Summa: diary (August 12-17, 2023)
When was the last time you were content, fulfilled, joyful, happy, healthy, peaceful, certain, optimistic, confident, committed, hopeful, strong, ambitious, alive, loved, in love, known, and yourself?
August 12 (Saturday). 8.00 am: Ambulology:
There’re voices on my social media platforms who’ve, since the period of the pandemic, felt in need of an idea that’s bigger than themselves, along with a clearer sense of purpose and a broader context for their operations. At the same time, they confess to being tired of themselves — their ideas and opinions. Moreover, that sense of isolation and loneliness they’d experienced during the lockdowns hasn’t quite been shaken off. We have each been changed during the last few years, but in ways that aren’t all good.

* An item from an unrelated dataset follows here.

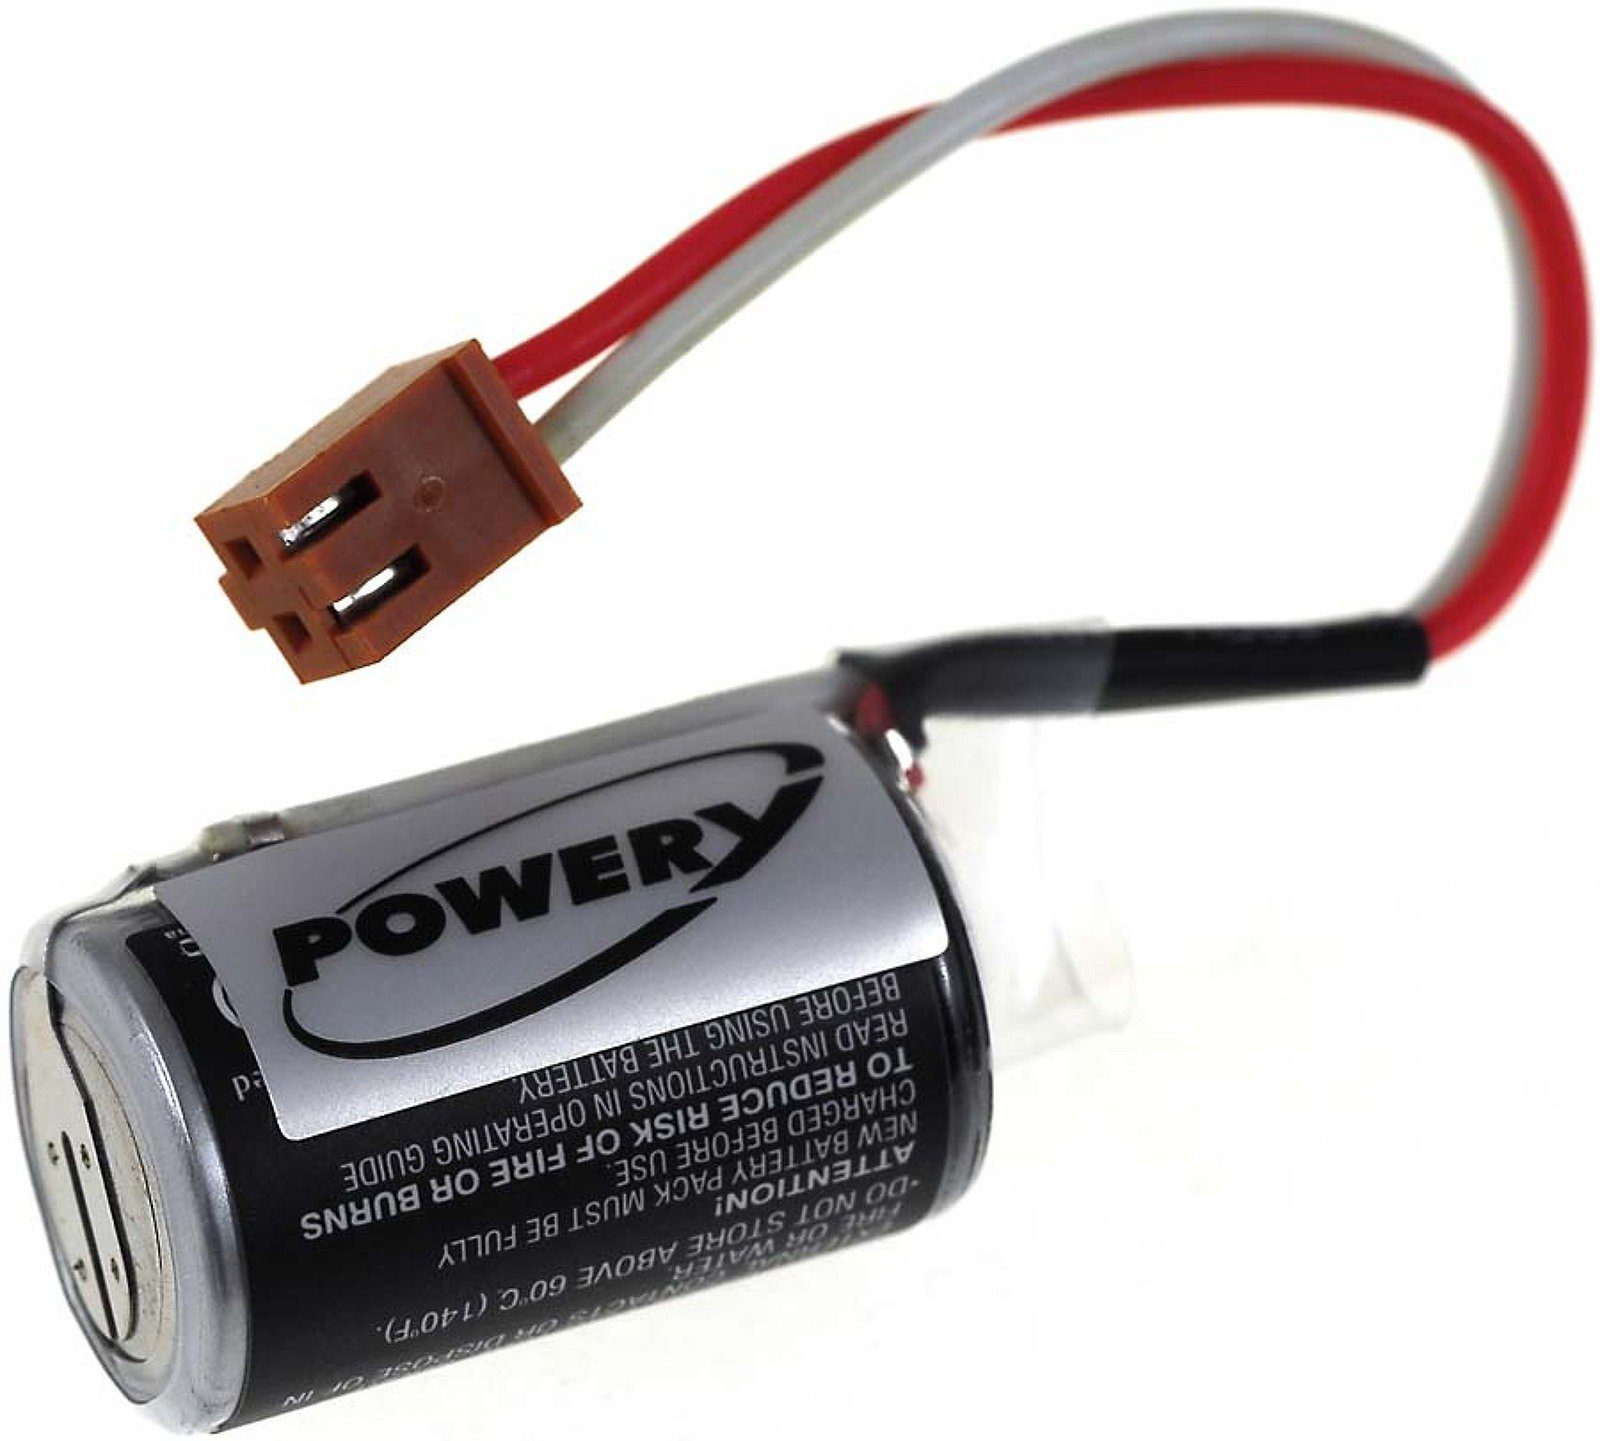 Batterie, Omron CPM2A-BAT01 Typ V) für Powery SPS-Lithiumbatterie (3.6

In addition, an awareness of the acceleration and devastation of climate change, war on Europe (with the threat of a potential world war in the wings), the appalling treatment and fate of migrants, the consequences of a inept and corrupt government, and the spiralling cost of living, has further unsettled our equipoise. ‘When will I ever stop feeling this madness?’, one ‘X’-man/woman posted in desperation. In these uncertain times, hope for better days is like the lyre’s one string in G. F. Watts’ painting on that theme.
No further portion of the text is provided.